Club member Mark Hoyt featured in Times Union

PHOTO BY DEBORAH GAYLORD

By DEBORAH GAYLORD
Special to the Times Union

CASTLETON — Technology plays a key role in studying Chinese at Maple Hill High School.

On a recent day, teacher Mark Hoyt asked a question, and the answer came not from one of the students in his classroom but from Schalmont High School in Rotterdam, one of several schools whose students take part in the class via video link.

In 2007, Schodack district officials joined the BOCES Distance Learning Program, a collaborative that includes 40 school districts in northeastern New York State offering 80 courses. The school invested $100,000 in a distance-learning lab with videoconferencing capabilities and hired Hoyt as a full-time Chinese language teacher. Participating schools pay Schodack a fraction of what it would cost to hire a full-time teacher. This semester, Hoyt is teaching students from Schalmont, Cairo-Durham and Averill Park.

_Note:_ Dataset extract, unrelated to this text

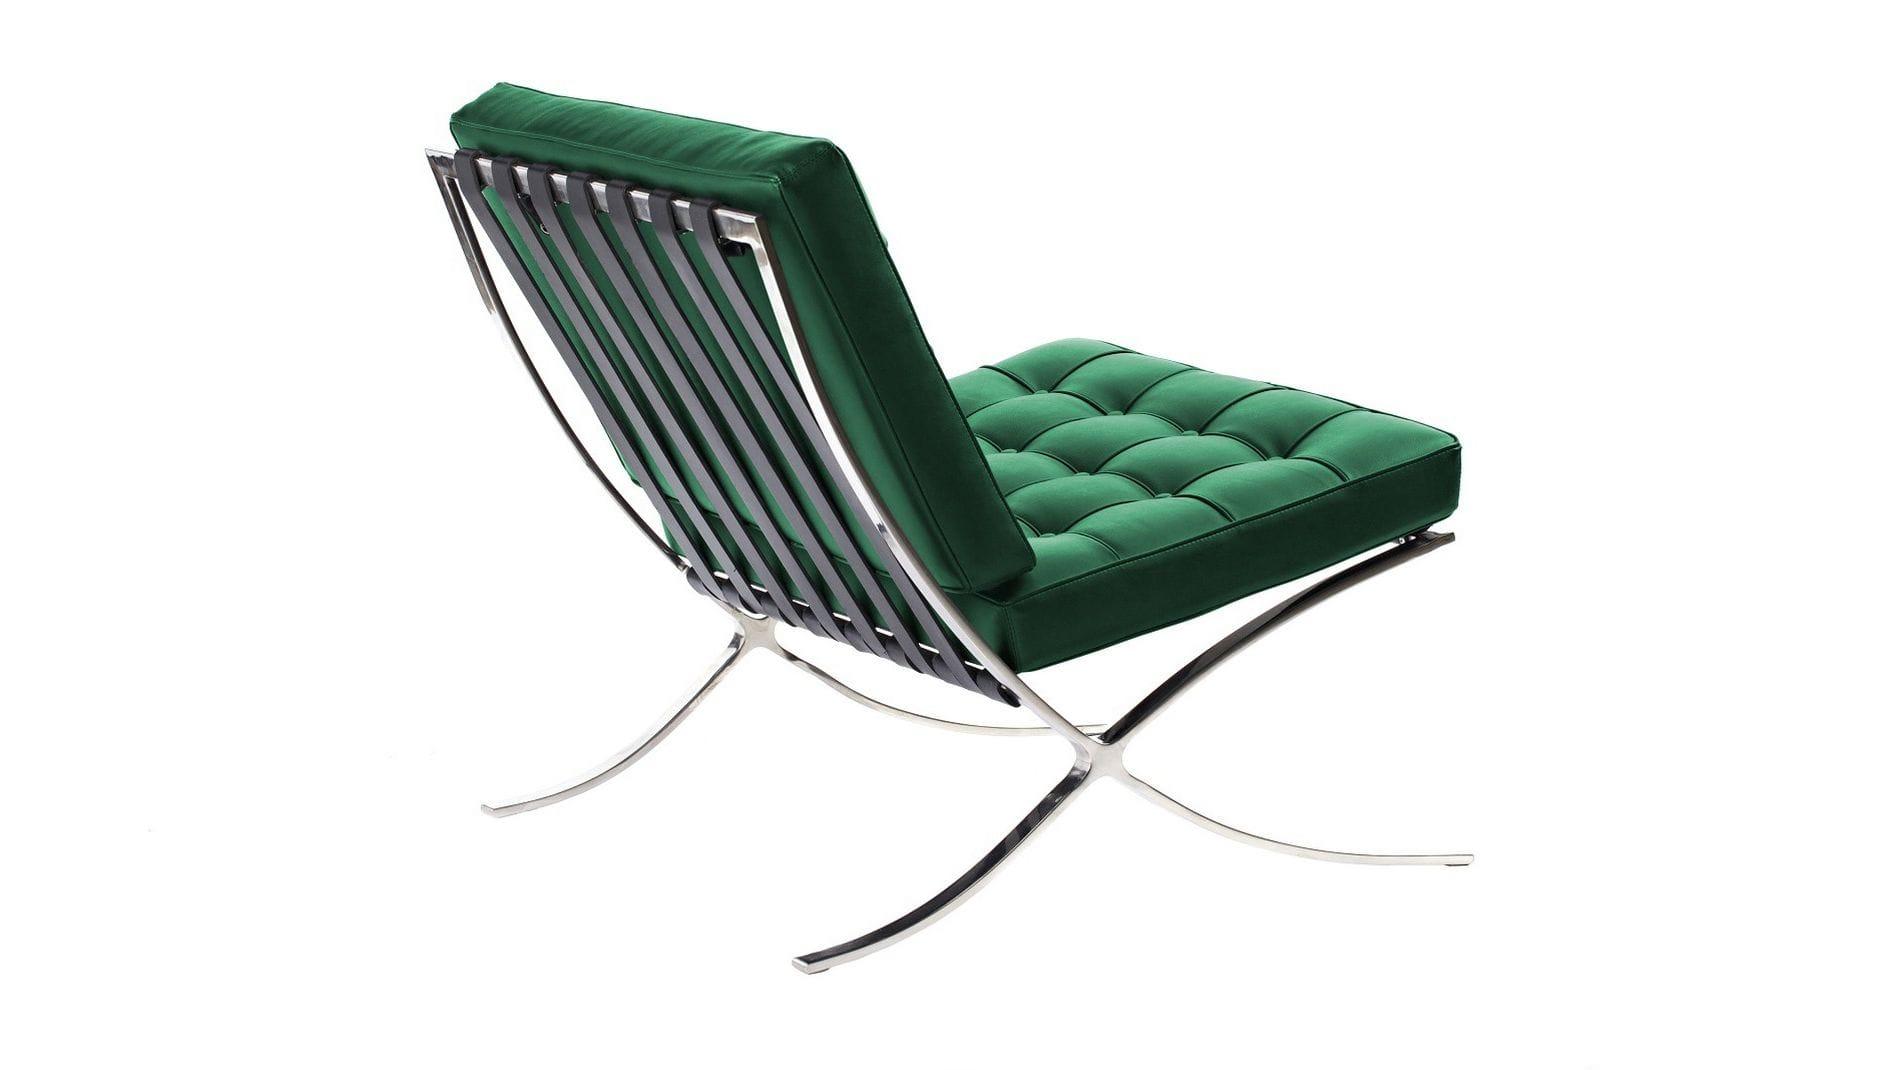 Кресло Barcelona Chair Зелёная Кожа Класса Премиум Р

Schodack Superintendent Robert Horan said being part of the BOCES network gives students the chance to take classes they otherwise would not have been able to take, including courses in French, Japanese and the history of the Hudson Valley. It opens other doors as well. Maple Hill was one of three local schools chosen by Capital Region and Questar III BOCES to participate in a cross-cultural exchange with China. A delegation of four Chinese educators and 33 students from Tianjin, China, visited the school in February to observe how American educators teach math and science by engaging students in project-based activities instead of lectures and memorization.

Horan said the school has a rare resource in Hoyt, who lived and worked in China, Taiwan and Thailand before coming to Maple Hill and brings that broader perspective to his classroom role.

“There is a larger world out there, and our students need more than basic skills to function and to compete with what is happening in Asia. When it comes to competing against Asia, we are playing catch-up academically,” Hoyt said.

Hoyt and members of the Maple Hill International Club are planning a 14-day trip to China in the spring of 2012. He and five students joined the Albany-Colonie Chamber of Commerce on a 7-day trip to the country in 2009. Last summer Hoyt went on a State Department-sponsored trip to Changchun, China, with other Chinese language teachers. He said he has seen China transform over the past 20 years.

“Modern China is like the Wild West during the gold rush. Everyone with a big dream is racing there to make it big,” said Hoyt.